**REQUIREMENT**
The listing below must be repeated word for word, without its pictures.

**DATA SECTION**
------------------------------------
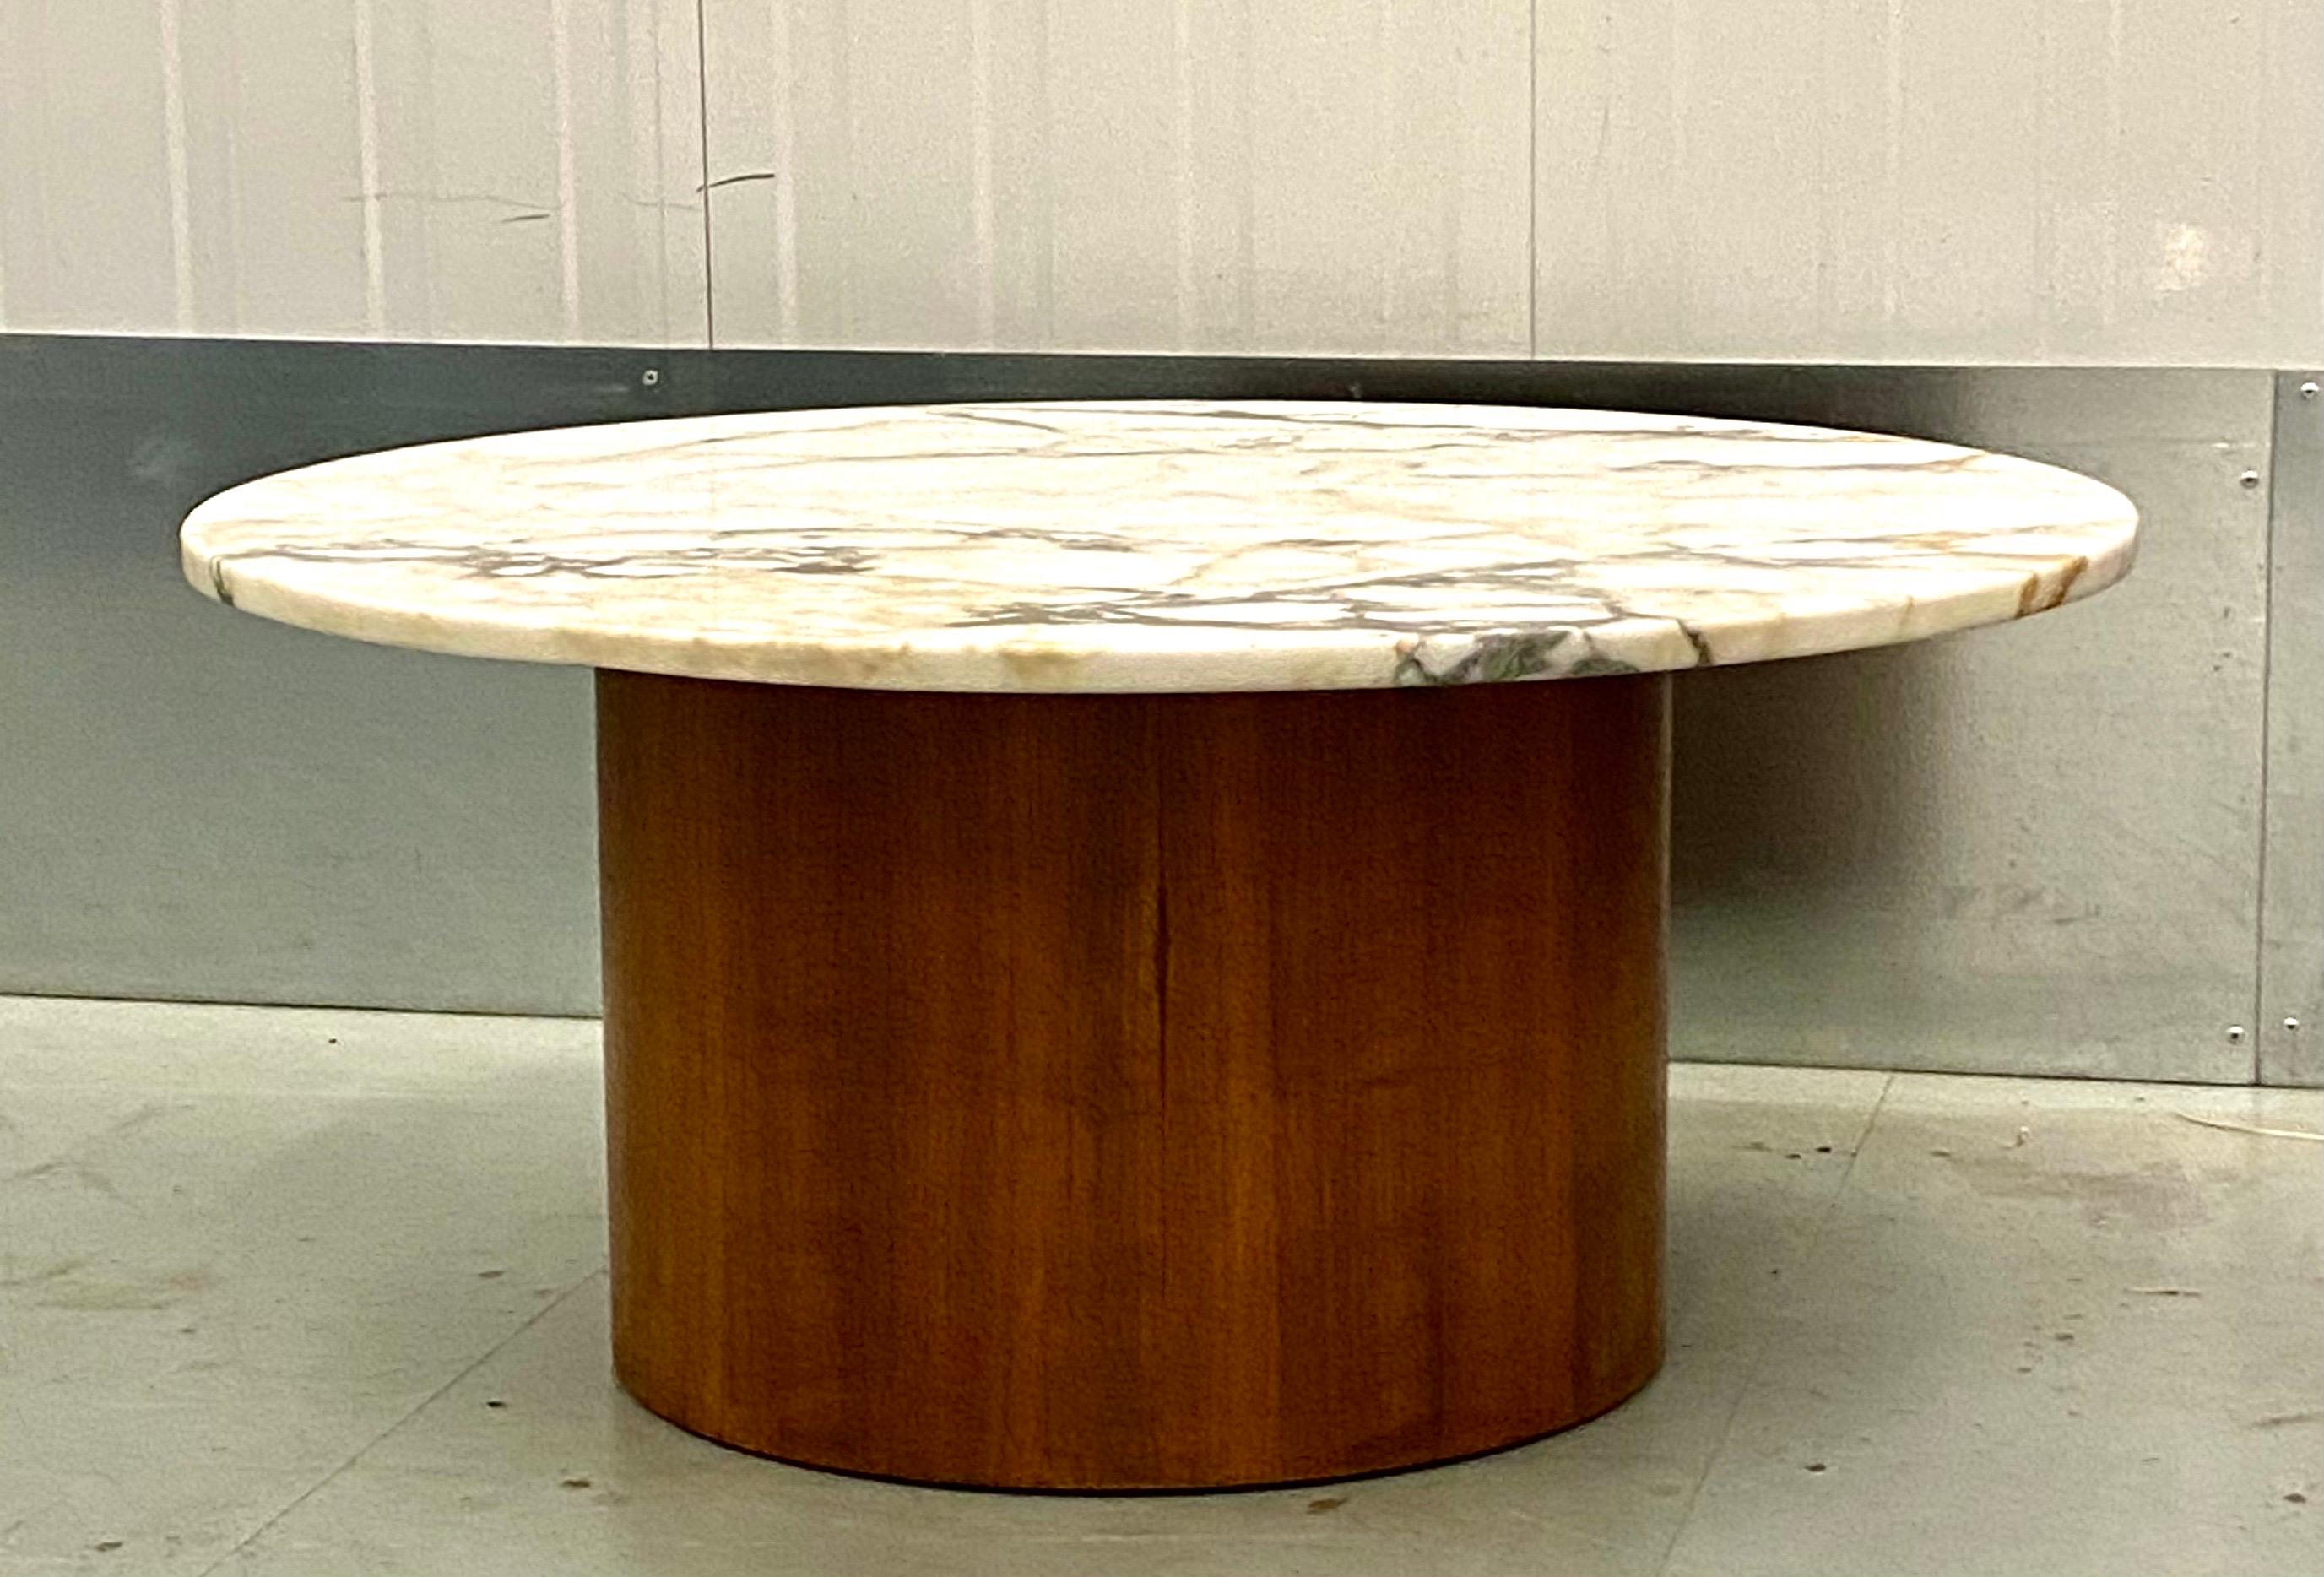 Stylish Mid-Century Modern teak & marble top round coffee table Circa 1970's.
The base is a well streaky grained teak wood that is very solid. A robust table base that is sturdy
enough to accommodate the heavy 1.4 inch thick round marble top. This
------------------------------------
**FINISHED EXERCISE**
 Stylish Mid-Century Modern teak & marble top round coffee table Circa 1970's.
The base is a well streaky grained teak wood that is very solid. A robust table base that is sturdy
enough to accommodate the heavy 1.4 inch thick round marble top. This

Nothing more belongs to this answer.